Unlike Roethke, who used the refrains to strengthen his theme, Denise uses the refrains in the first stanza to bring the reader into her imagery. She then uses the repetitive nature of the refrain throughout the poem to almost break apart the first stanza, almost like an explanation.

This opening, or flowering, of her "ashcan city", begins to take on a new life with each stanza's use of refrain. Then she neatly wraps up the poem by taking us back to the imagery of the first stanza through the use of the refrain.

I would like to point out that Denise uses the language and verbage of the primary refrains instead of an actual copy of the refrain in the stanzas. This brings me to a point I have been wanting to discuss.

I feel that people tend to move away from form and into free verse because they feel that form has too many rules and regulations that make the poetry stiff and inaccessible. Denise took her stand as a modern poet and played with the form to create what she had desired to create.

She was still able to use the power of the refrain and repitition in the Villanelle but was able to do so in a manner that seemed less formal. There is no law saying that to follow a form you need to follow the recipe exactly.

Use your creativity, figure out what the form can accomplish, and make it your own.

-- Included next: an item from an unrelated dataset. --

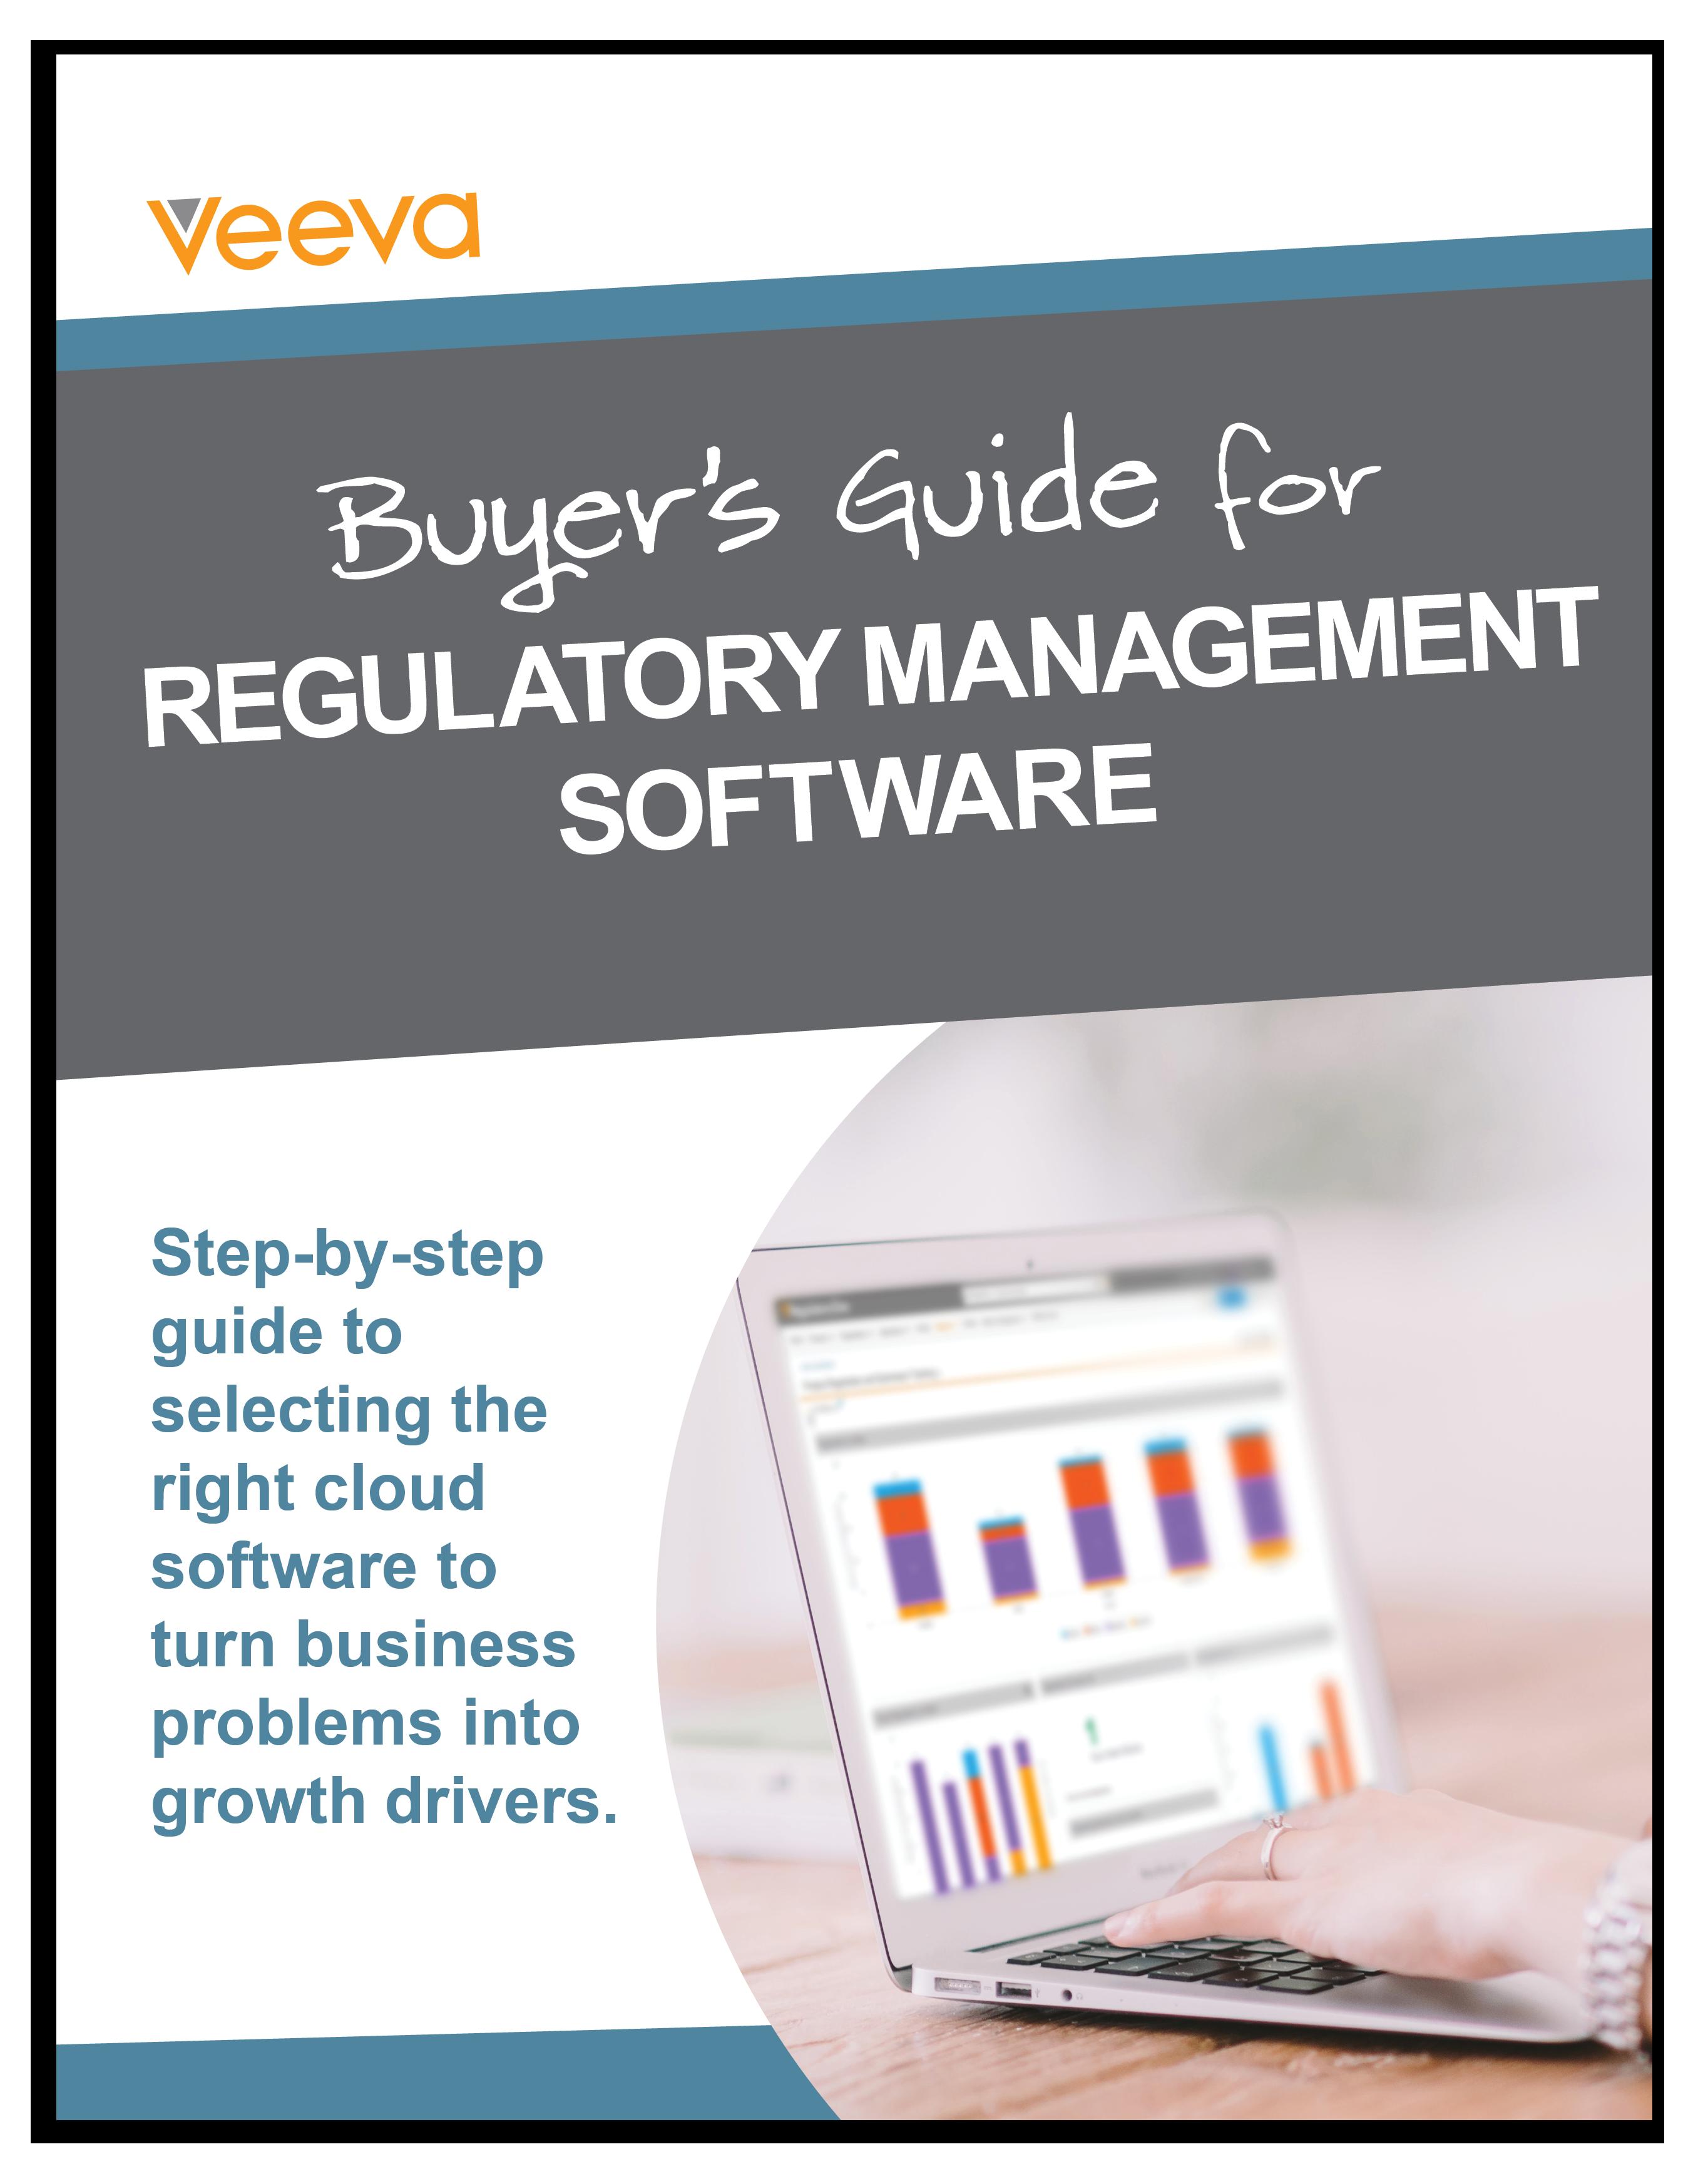 Buyer's Guide for Cloud Regulatory Management Software eBook

Verlie Burroughs from Canada on January 23, 2018:

Thanks for this Jamie. Just appreciating Roethke's Villanelle 'The Waking', hadn't realized it was a villanelle, should have spotted that a mile away.

Jamie Lee Hamann (author) from Reno NV on April 04, 2014:

I am excited to read some of the poems you have been working on when you get your computer issues sorted out. Thank you Romeos Quills. Jamie

I hope to read a few more villanelles, I enjoy the ones you have already shared. I hope you have a great day Jo. Jamie

Jo Alexis-Hagues from Lincolnshire, U.K on April 04, 2014:

Jamie, I love this form of poetry and even had a go at writing a few. Thank you for sharing this, I know it will be very useful to me. take care and my best to you.

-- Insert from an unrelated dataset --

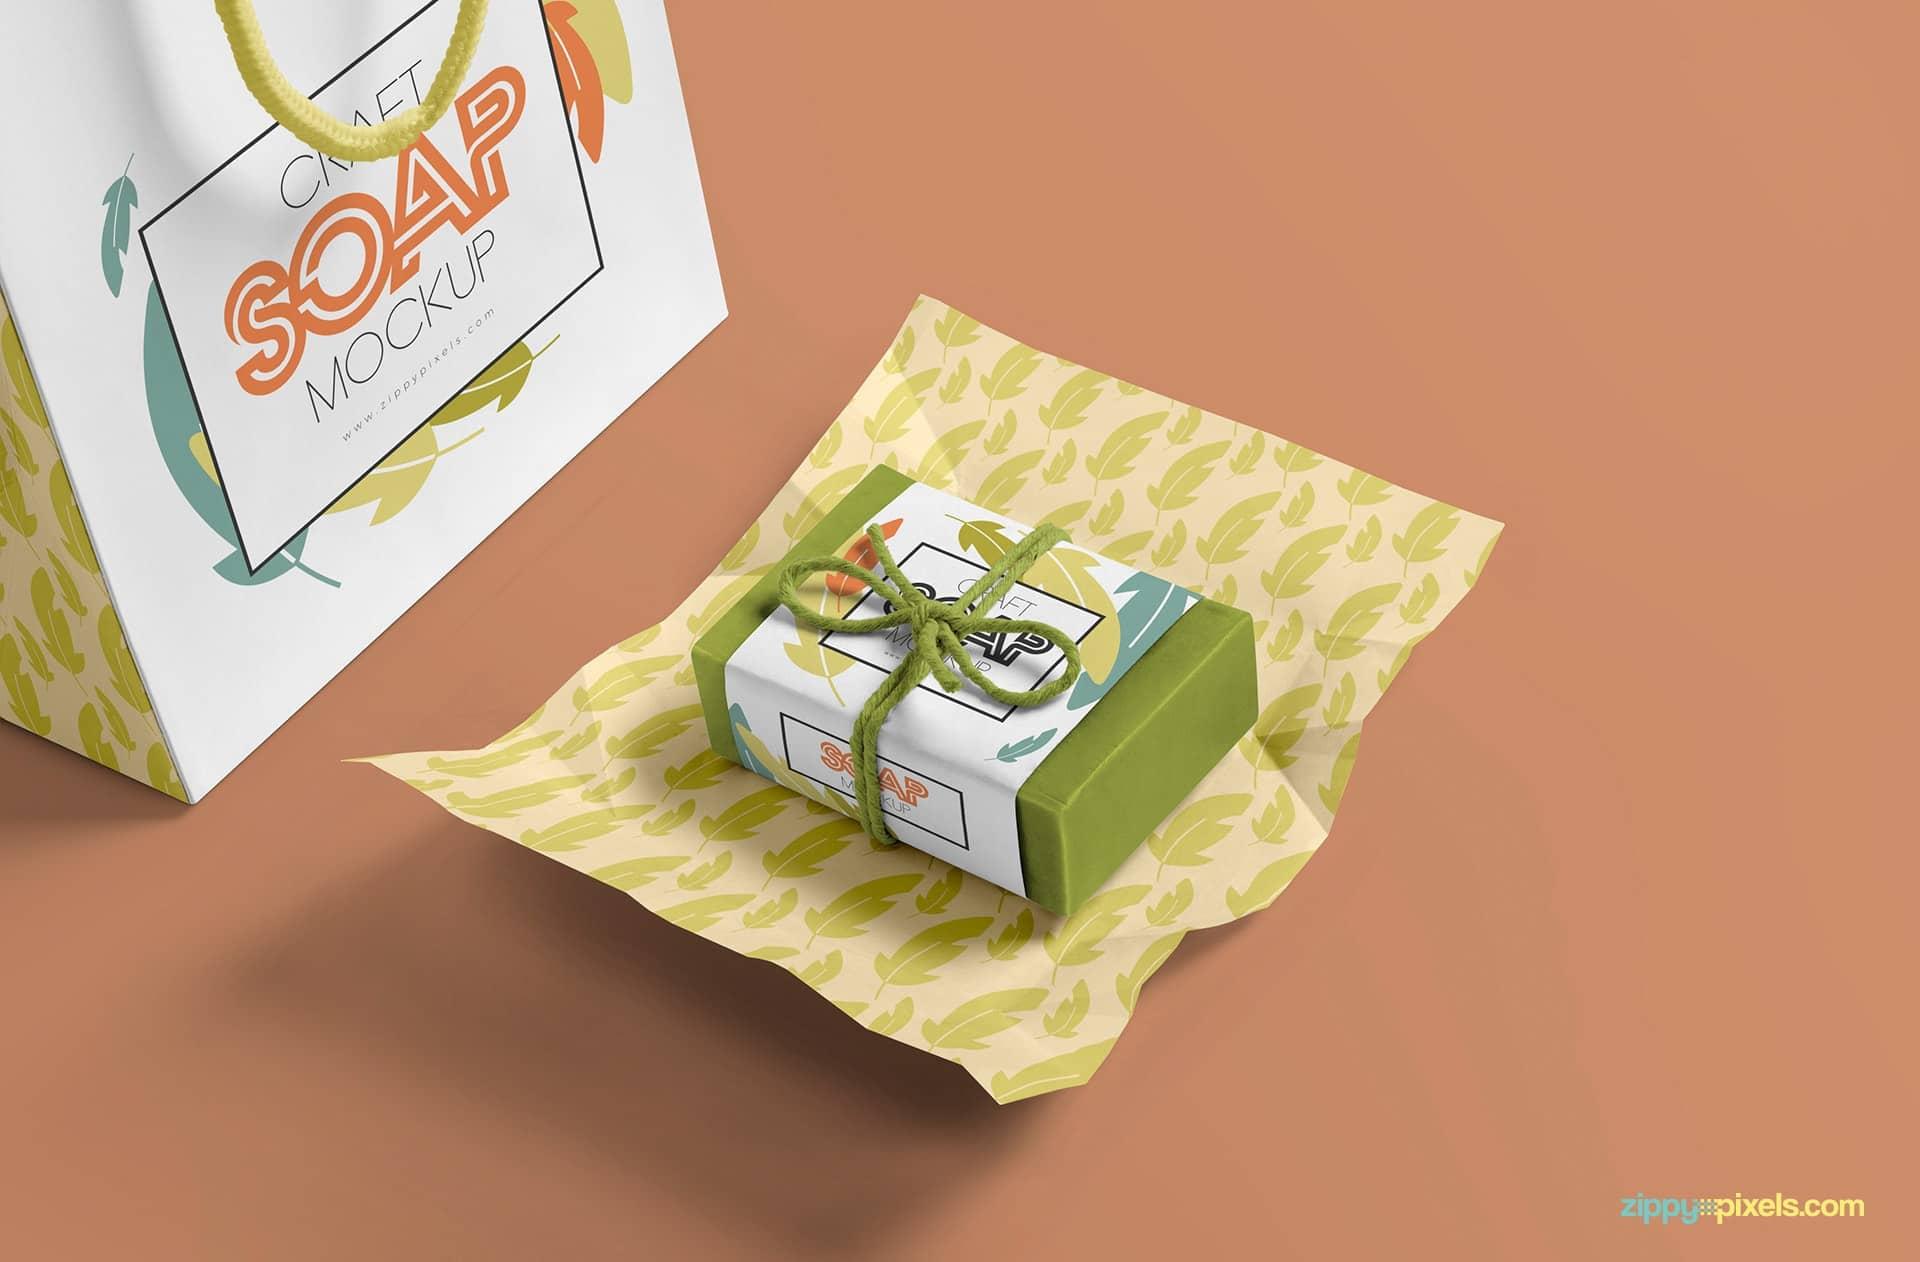 soap bar with shopping bag psd mockup free download

Romeos Quill from Lincolnshire, England on April 03, 2014:

Some great, in-depth information about this particular style Jamie; interesting to see how your two chosen structuralists had their different approaches to the same form. Hopefully, your deconstruction by explosion will add to the enjoyment of verse and not detract from the occasional magic and wonder it can create without blinding with science, so to speak.

Additionally,would love to partake in this poetry challenge but cannot publish here at the present, ( though have written a fresh poem for each day so far ). Have you ever tried rhetorical inversions ( chiasmus ) and parallel structure? I'm glad for you that the forms add to your enjoyment and were taught by a pro; I was self-taught and to be honest, found the restrictions of styles too stifling and dull for the kind of work that folk liked to read - whatever works I suppose.

Anyway, enjoy a fair eve;

Best Wishes,


Faith Reaper from southern USA on April 03, 2014:

Hi Jamie,

Home now and pinned, tweeted and shared with HP.


Faith Reaper

Jamie Lee Hamann (author) from Reno NV on April 03, 2014:

Thank you Faith and Audrey. I am glad you are enjoying my submissions so far. I am excited to move forward. Jamie

Audrey Howitt from California on April 03, 2014:

I really enjoy Levertov's work--I was introduced to her work on another poetry site that I visit from time to time--Thank you for this piece--It was one I had not read before!

Faith Reaper from southern USA on April 03, 2014:

Wow Jamie, I thoroughly enjoyed your wonderful hub here on the Villianelle! I learned so much. I can see why you used the word magic in referencing the Villianelle, being they are truly magical. Up and more, and I will pin, tweet and share when I arrive home as I am on my phone. I can tell already, we are all going to learn so much during this wonderful month of April!